Et la neutralité de ces systèmes est importante. Bien que le géant du transport maritime Maersk ait lancé le projet « Tradelens » en 2018, il a rencontré des problèmes lorsqu’il avait besoin que des entreprises rivales partagent des données. L’entreprise a ensuite fermé ses portes l’année dernière.
Portchain affirme désormais avoir signé 90 terminaux à conteneurs dans le monde (20 % de la capacité mondiale des terminaux) et avoir signé un accord de cinq ans avec Hapag-Lloyd, la cinquième plus grande compagnie maritime.
Cependant, Portchain n’est pas le seul acteur dans ce domaine qui est clairement en plein essor.
PortXChange, basée à Rotterdam, est devenue un projet distinct du port de Rotterdam et est devenue une société indépendante en 2019. Ses partenaires stratégiques incluent Shell et Maersk.
Heyport à Hambourg a été financé et incubé par l’opérateur portuaire allemand local HHLA.
Ensuite, il y a Awake.ai, dont le siège est en Finlande.
Awake a jusqu’à présent collecté un total d’environ 12 millions de dollars, selon le PDG Karno Tenovuo. Lui et son équipe faisaient autrefois partie d’une unité Rolls Royce qui s’intéressait au « transport maritime intelligent ».
Avec le financement du gouvernement finlandais, le soutien d’Angel et de l’UE (mais pas de capital-risque à ce jour), Tenovuo a déclaré : « L’année dernière, nous avons lancé ce que nous appelons « l’Amazonie des ports ». Il s’agit d’une fonctionnalité du marché. Les transporteurs et les ports utilisent les e-mails et les appels téléphoniques. Nous avons donc obtenu un financement de l’UE pour développer ce produit, qui automatise l’achat et la vente de services portuaires, ainsi que le reporting et la facturation.

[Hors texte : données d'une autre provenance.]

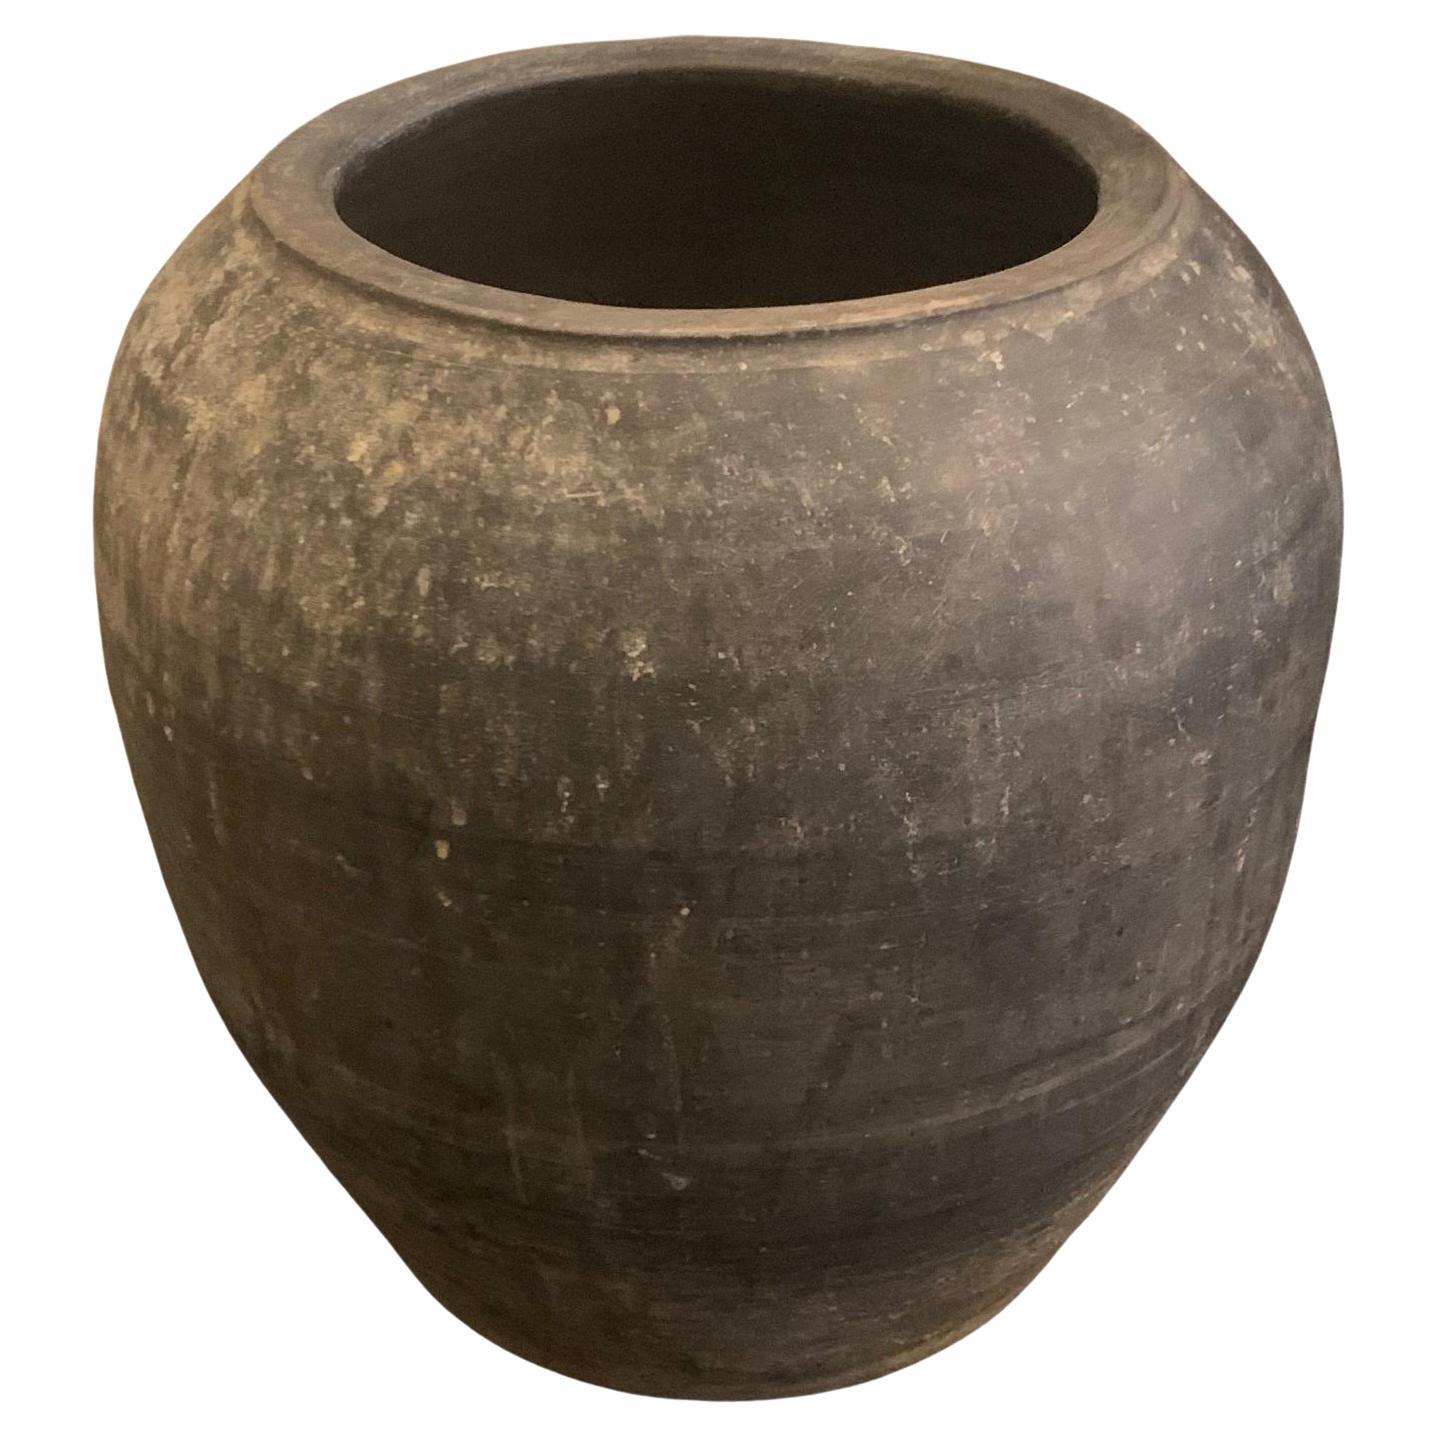 Grand pot en terre cuite vieillie gris anthracite, Chine, 20e siècle

« Nous mettons automatiquement en relation les acheteurs et les vendeurs. Nous prévoyons où ces produits ou services sont nécessaires, puis nous pouvons recommander toutes les heures d’arrivée et de départ optimales et indiquer aux compagnies maritimes quel est leur impact sur les émissions de coûts de carburant », a-t-il ajouté.
Cependant, il a déclaré qu’il n’y avait « pas beaucoup de chevauchement » entre Awake et Portchain.
Entre-temps, l’Organisation maritime internationale a réglementé la nécessité d’un « guichet unique national » lorsque les navires entrent dans une zone contrôlée par un pays. Cela signifie que de plus en plus de technologies devront être utilisées pour aider à la fois les transporteurs et les ports.
Comme le dit Tenovuo, ce « guichet unique » signifiera qu’il y aura un énorme besoin de « relier tous les services ».
Donc, pour l’instant, il est probable que ce type de services continuera à être lancé et continuera à intéresser les investisseurs.